In consideration of time, weather and other reasons, the groove type solar heat collection device cannot heat the heat conduction oil to the required temperature, so that a heat storage system is additionally arranged. The heat conducting oil flowing out of the solar heat collector is divided into two parts through the control of a three-way valve. One part is directly used for the baking reaction to provide heat for the baking reaction, and the other part flows into the molten salt heat storage tank to store and collect heat energy and then flows back into the oil storage tank. When the sunshine condition is good in the daytime, the solar energy can heat the heat conduction oil, one part of the heat conduction oil is used for baking, and the other part of the heat conduction oil is used for heating the molten salt. The heat stored in the molten salt can be released to the heat conducting oil for baking at night or in rainy and snowy days, and an electric heating device is required to be arranged in the molten salt heat storage tank in the process of heat loss. When the rain and snow day continues, the low valley electricity is used for directly heating the baking reactor at night, the low valley electricity is used for electrically heating the molten salt for heat storage, and the molten salt is used for heating the heat conducting oil to provide heat for the baking reaction in the daytime.

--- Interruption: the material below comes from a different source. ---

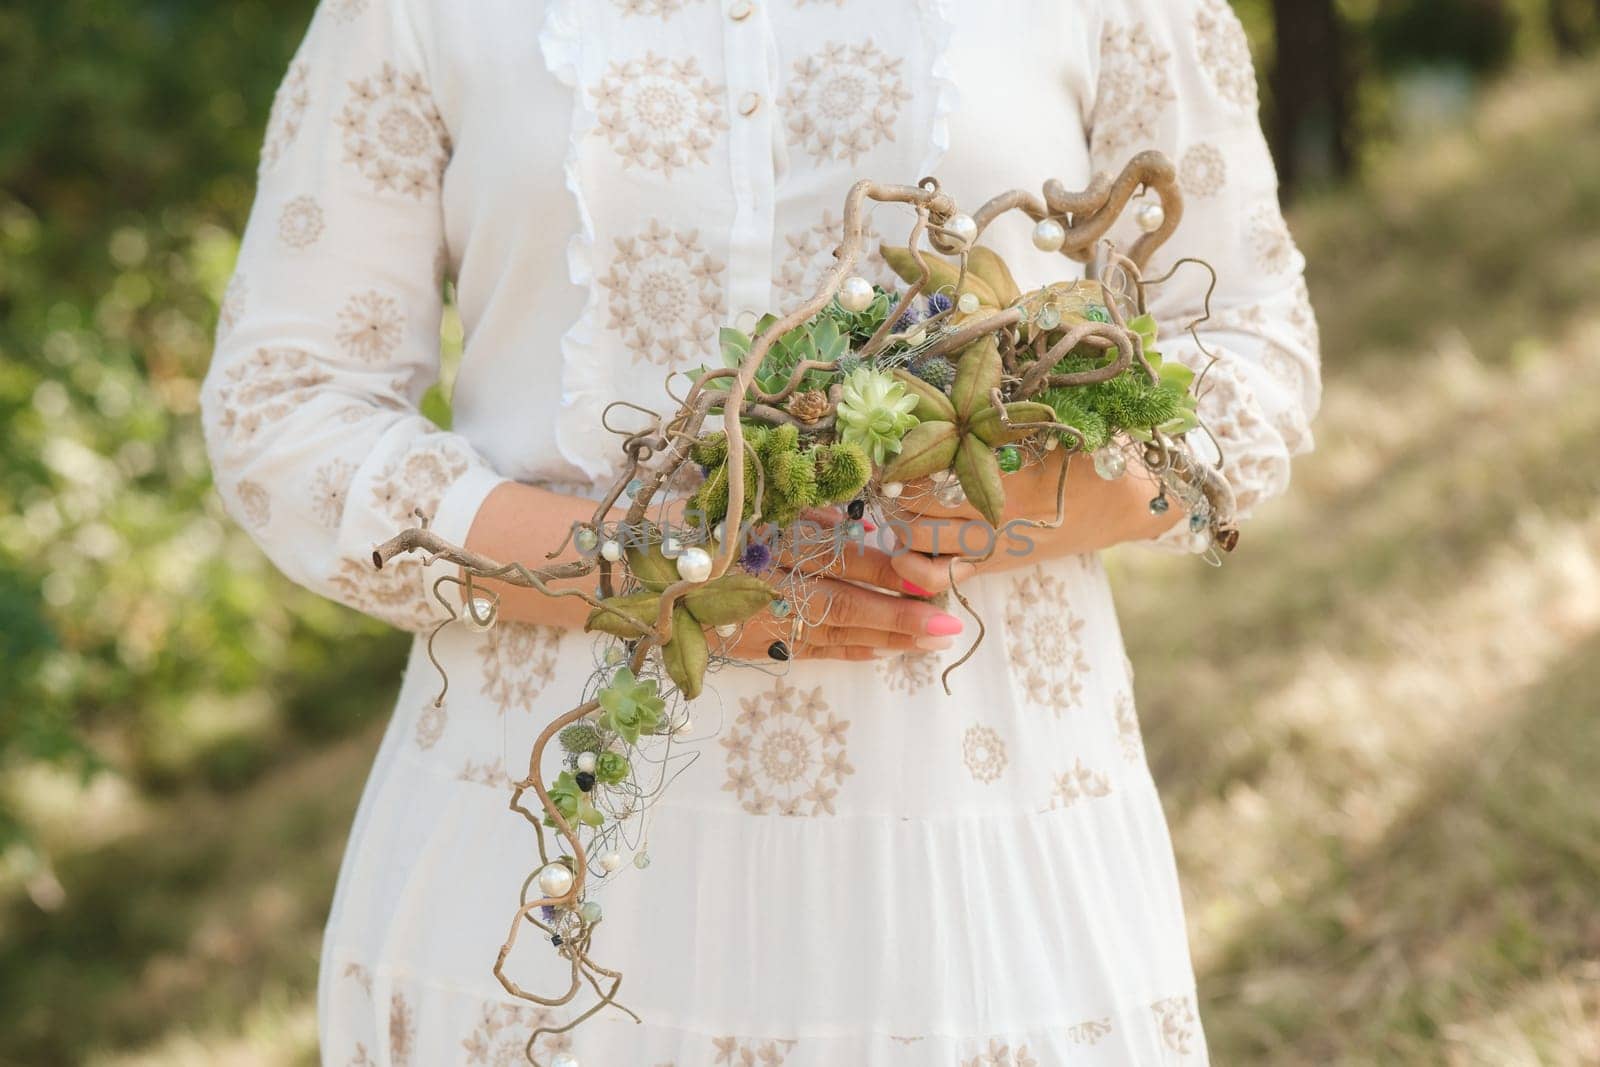 The bride holds an unusual braided wedding bouquet in her hands.

The present invention uses step energy utilization. High-temperature heat conducting oil flowing out of the solar heat collector enters the baking reactor after reaching the baking temperature to provide heat for biomass baking, which is the first-level utilization of energy. The low-temperature heat conducting oil from the baking reactor is reduced in temperature, but still has residual heat, and is introduced into the drying reactor to provide heat for drying dehydration and preheating of the biomass raw material. The cascade utilization of energy fully utilizes the energy with different tastes, and meets the economic requirement in industrial production.

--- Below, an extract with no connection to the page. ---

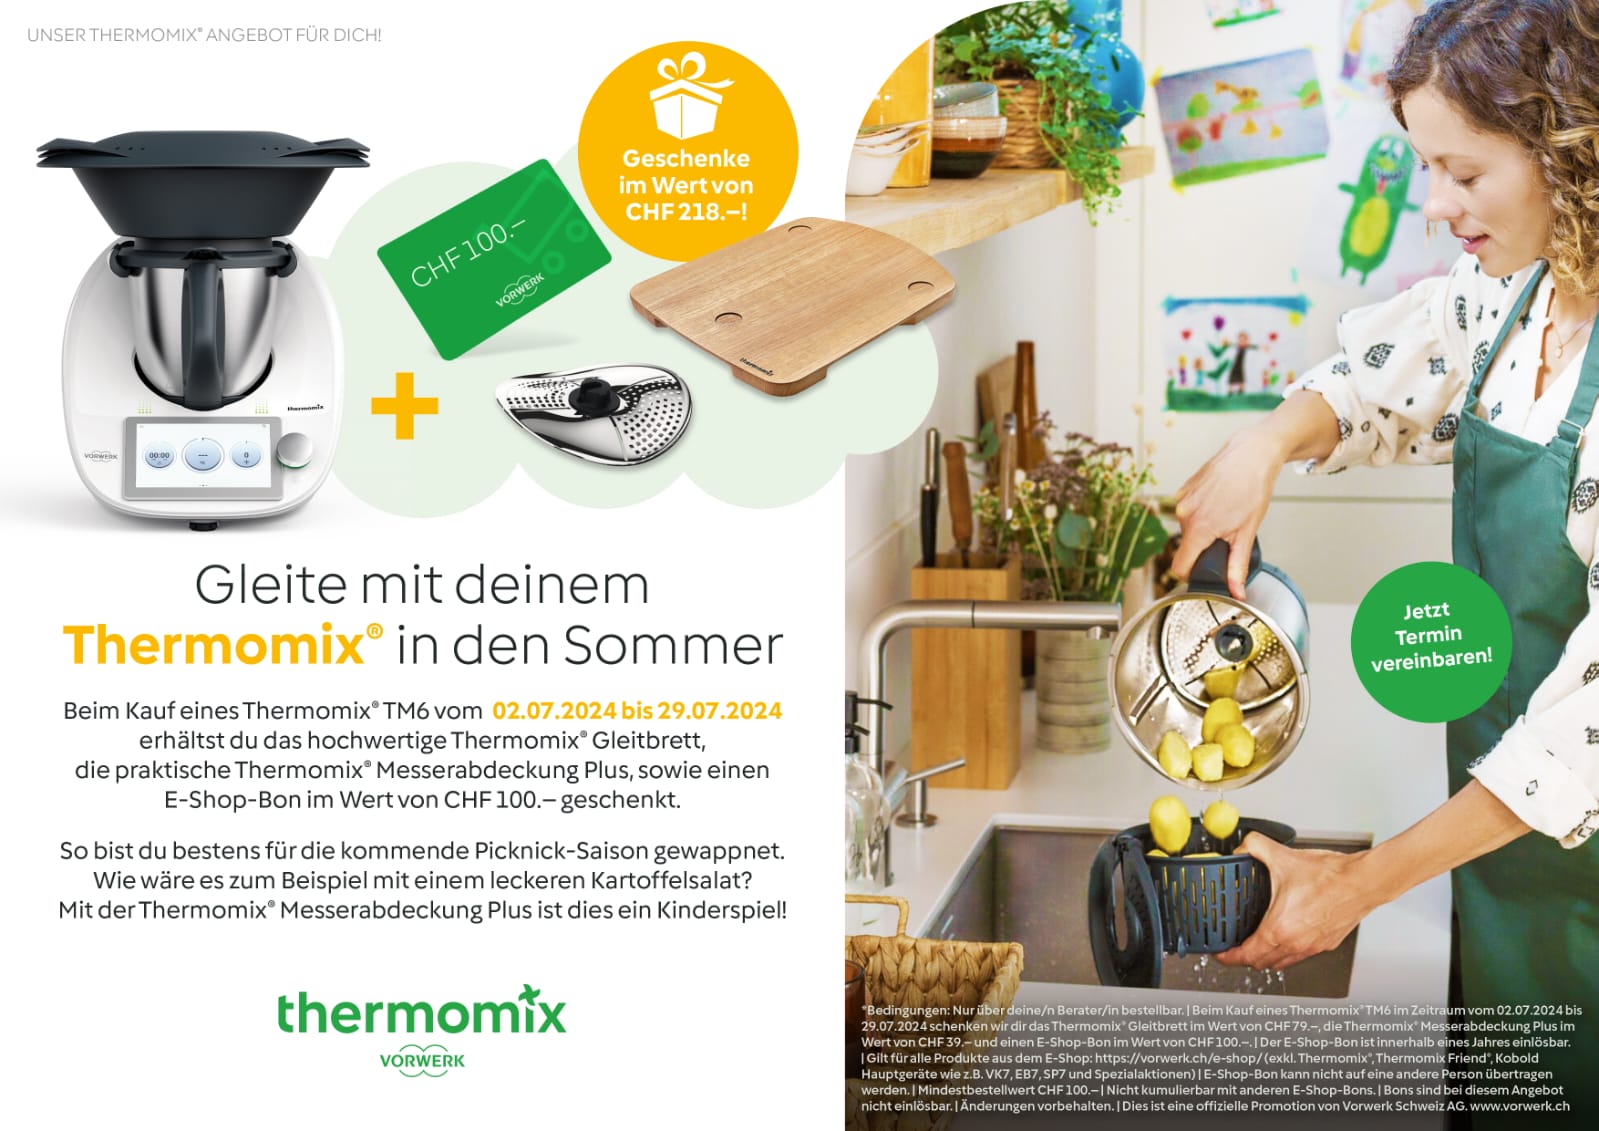 Thermomix Angebot, Promotion

Because the heat conduction oil has low corrosivity and low toxicity, a safety valve is additionally arranged at the joint of each device, and the phenomenon that the heat conduction oil flows out due to the fact that a certain part is damaged is avoided.

The baking reactor is of a jacketed double-layer structure, and a coil is arranged in the interlayer. The heat conducting oil enters the coil pipe in the interlayer of the baking reactor to exchange heat in the coil pipe, so that energy is provided for the whole baking reaction. The coil pipe can improve the heat exchange efficiency, ensure that heat conduction oil is not in direct contact with the baking reactor, and avoid the heat conduction oil from corroding the baking reactor.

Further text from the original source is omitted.